When Raegan was gone he finally mustered the courage to call Sally Rainwater. No longer in service and no new number.

***

He spent the evening and early night in his bed, head and cast resting on pillows. The rain had slowed to light showers and the wind was slapping the palm fronds against the windows.

He kept thinking about Patricia's penchant for destruction. There was the thrill of it. For as far back as he could remember Patricia had been the one to flaunt the rules. Openly. Proudly. Happily. Maybe it was like any other exciting thing: you needed more and more to get the same feeling. Drinkers. Dopers. Speed freaks. Adrenaline junkies. Thrill seekers. It takes you over. There was always something of the show-off in it, too: look at me, me, me. She had always thought of herself as larger than life, better than the rest. In some ways she really was. He wondered if the bottom of it was self-hatred. If the destruction of things was just a long warm-up for destroying herself. But maybe it was simpler. Maybe she wanted to go out like her mom and dad had, join them somehow. Or maybe there was just a kink in her wiring, some faulty relay that might have shown up on a PET scan as a small red ember where there should have been an ocean of cool blue. Maybe you had to put all the conjecture together and stir it to know why a bright and beautiful woman would do what she had done. Maybe you could never know.

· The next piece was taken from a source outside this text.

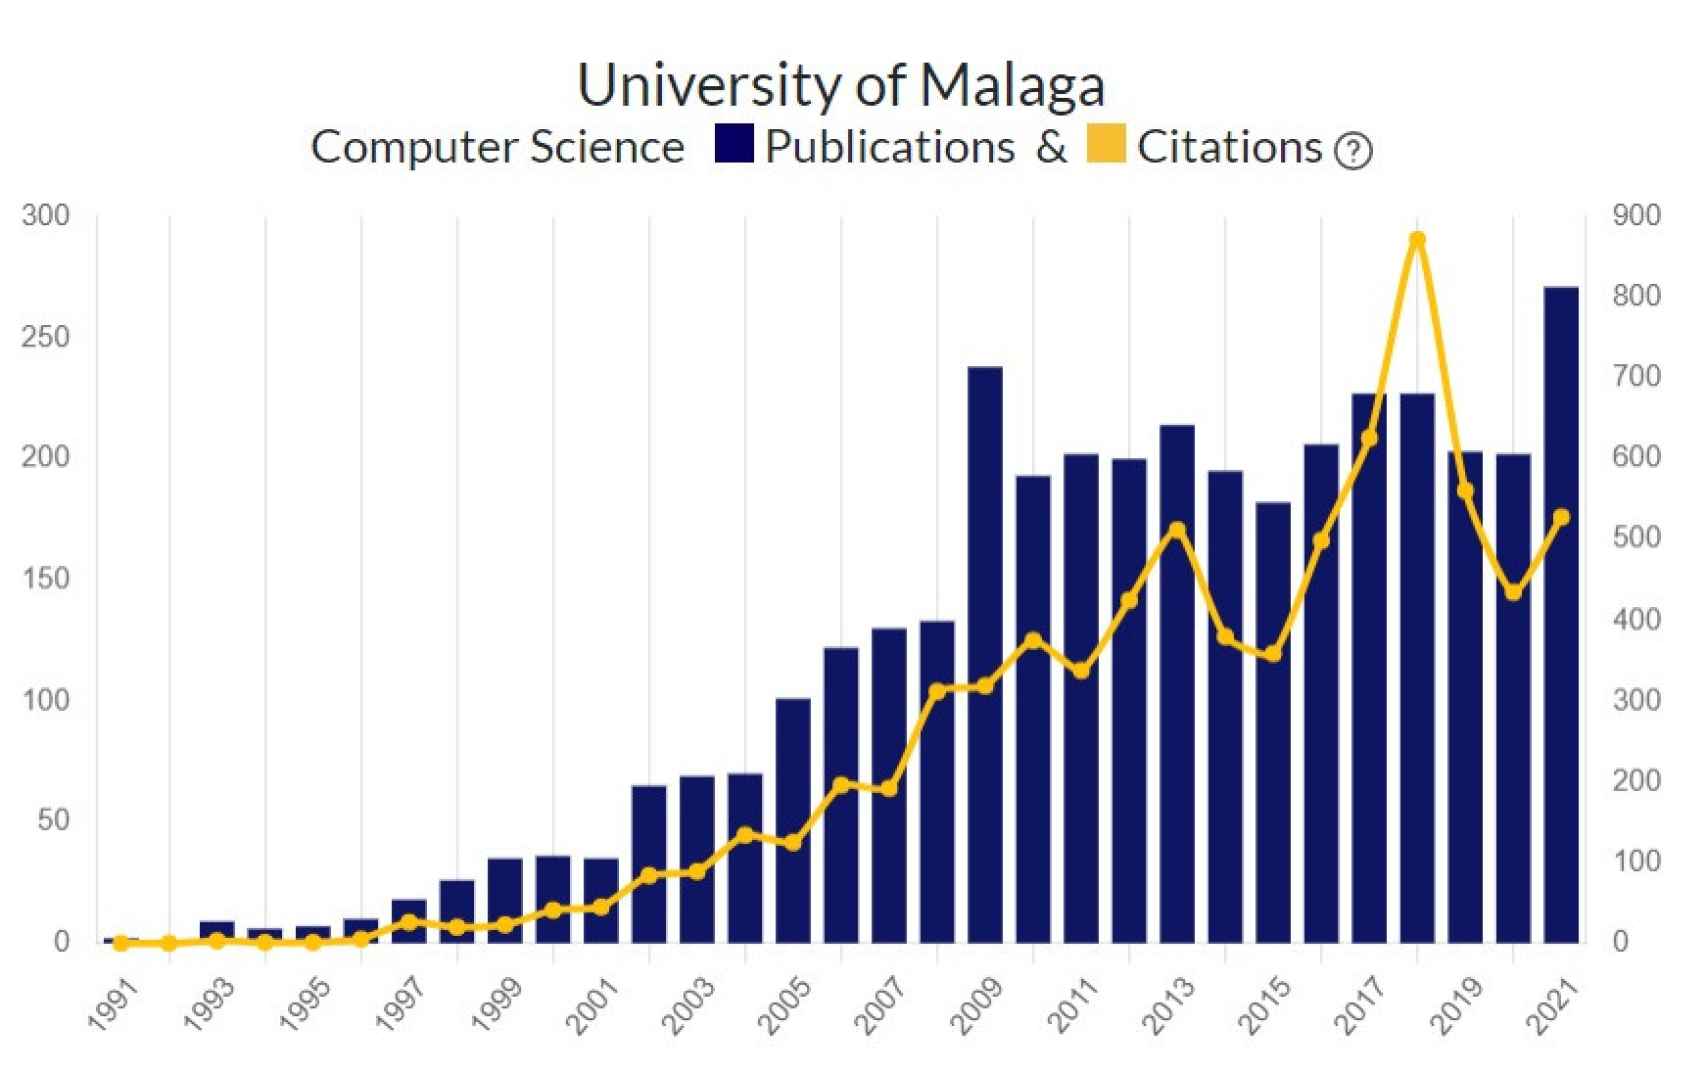 Publicaciones y citaciones sobre Ciencia de la Computación en la Universidad de Málaga.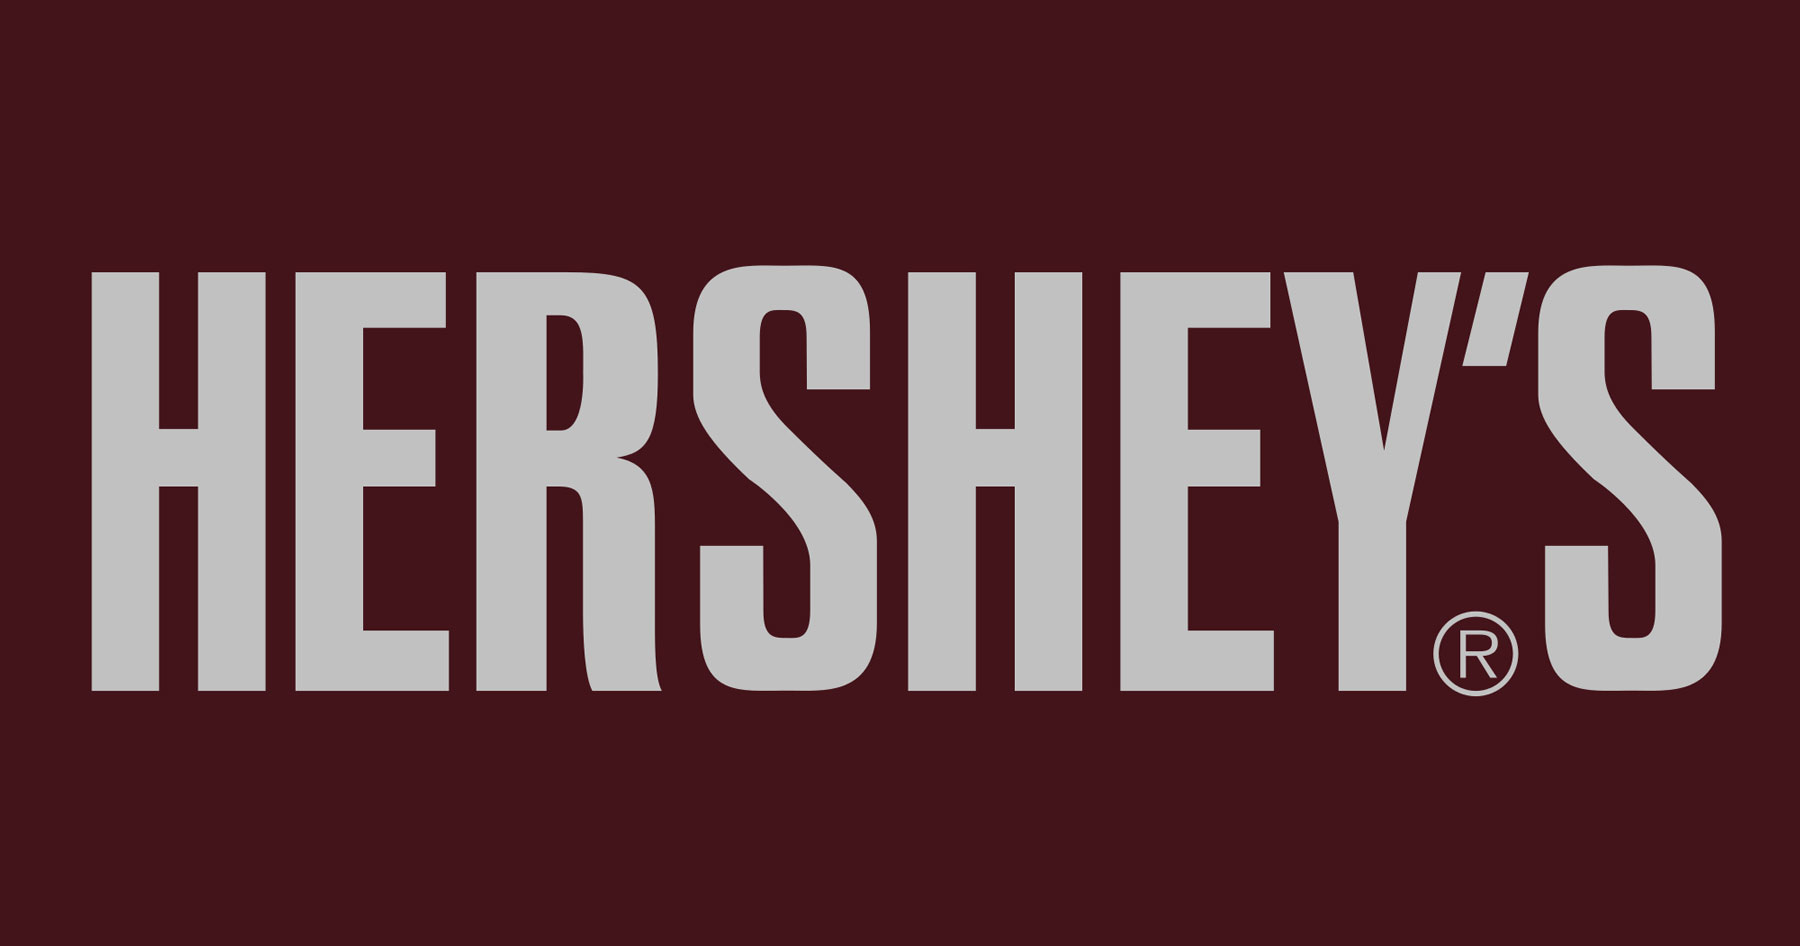 Hershey's logotype

Many years ago he saw in Patricia what he thought was lacking in himself: spirit and passion and the courage to take a chance. Gabriel had proved to him long before how one mistake can ruin you and those you love. What a towering lesson that was. So McMichael had pulled for Patricia to prove the opposite: that you can turn mistakes to your advantage, outrun the consequences if you have to, do what you want and let the world sort it out. Even as roadkill he still wanted her to pull it off. It worked for her, for a while. It worked a while for most of the guys he sent to prison, too.

He closed his eyes and listened to the wind and fell asleep with the image of Patricia's smiling face still luminous in his mind.